Halfway up, Big Tom showed us his favorite, the biggest tree he knew. It was a poplar, or tulip. It stands more like a column than a tree, rising high into the air, with scarcely a perceptible taper, perhaps sixty, more likely a hundred, feet before it puts out a limb.
Its girth six feet from the ground is thirty-two feet! I think it might be called Big Tom. It stood here, of course, a giant, when Columbus sailed from Spain, and perhaps some sentimental traveler will attach the name of Columbus to it.
In the woods there was not much sign of animal life, scarcely the note of a bird, but we noticed as we rode along in the otherwise primeval silence a loud and continuous humming overhead, almost like the sound of the wind in pine tops. It was the humming of bees! The upper branches were alive with these industrious toilers, and Big Tom was always on the alert to discover and mark a bee-gum, which he could visit afterwards. Honey hunting is one of his occupations. Collecting spruce gum is another, and he was continually hacking off with his hatchet knobs of the translucent secretion. How rich and fragrant are these forests! The rhododendron was still in occasional bloom' and flowers of brilliant hue gleamed here and there.

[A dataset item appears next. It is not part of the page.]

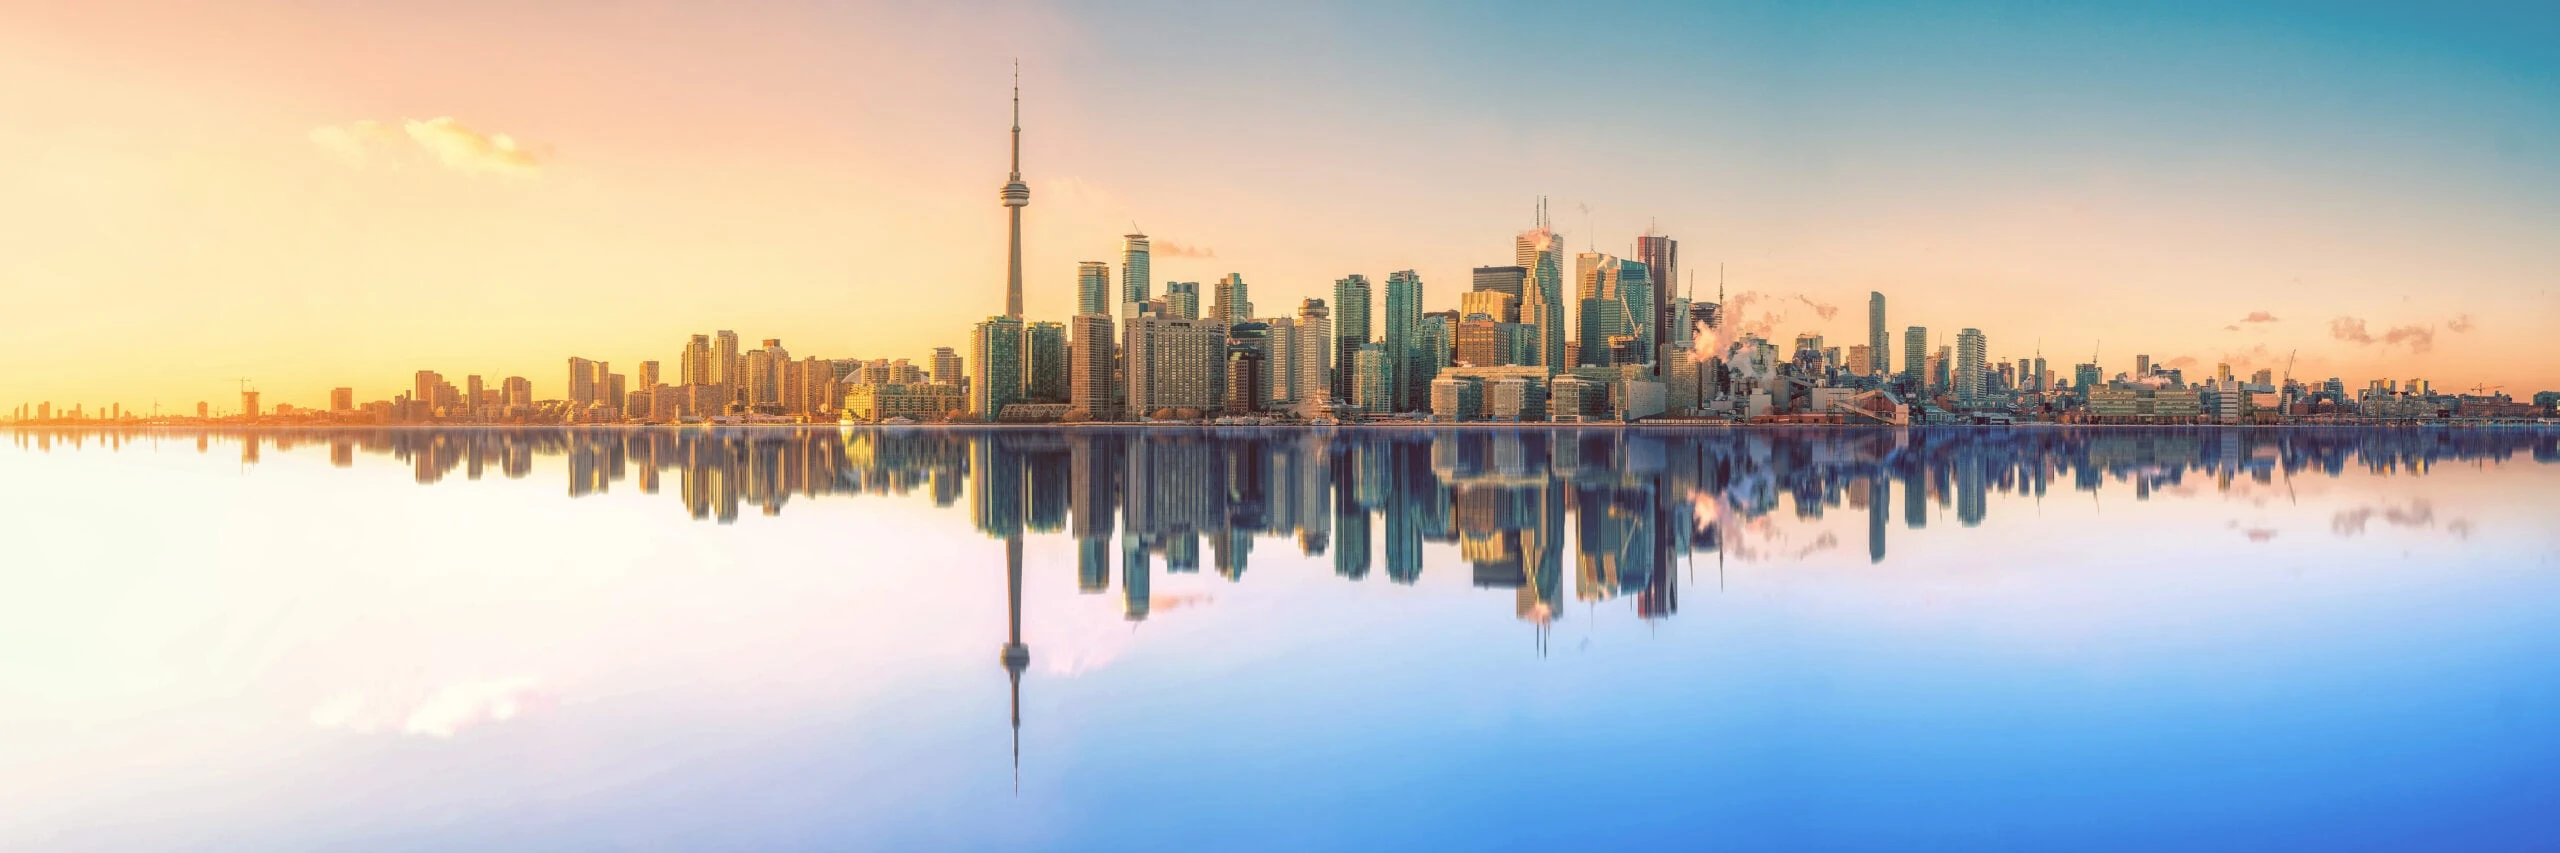 500px Photo ID: 103625221 - The Toronto skyline as seen from Algonquin Island.Stitched from 7 landscape shots and mirrored in PS CC.<a href="simonvelazquez.com">- Website</a><a href="https://www.facebook.com/SimonVPhotography">- Facebook Page</a><a href="http://instagram.com/simon_v_">- Instagram</a>

The struggle was more severe as we neared the summit, and the footing worse for the horses. Occasionally it was safest to dismount and lead them up slippery ascents; but this was also dangerous, for it was difficult to keep them from treading on our heels, in their frantic flounderings, in the steep, wet, narrow, brier-grown path. At one uncommonly pokerish place, where the wet rock sloped into a bog, the rider of Jack thought it prudent to dismount, but Big Tom insisted that Jack would "make it" all right, only give him his head. The rider gave him his head, and the next minute Jack's four heels were in the air, and he came down on his side in a flash. The rider fortunately extricated his leg without losing it, Jack scrambled out with a broken shoe, and the two limped along. It was a wonder that the horses' legs were not broken a dozen times.
As we approached the top, Big Tom pointed out the direction, a half mile away, of a small pond, a little mountain tarn, overlooked by a ledge of rock, where Professor Mitchell lost his life. Big Tom was the guide that found his body. That day, as we sat on the summit, he gave in great detail the story, the general outline of which is well known.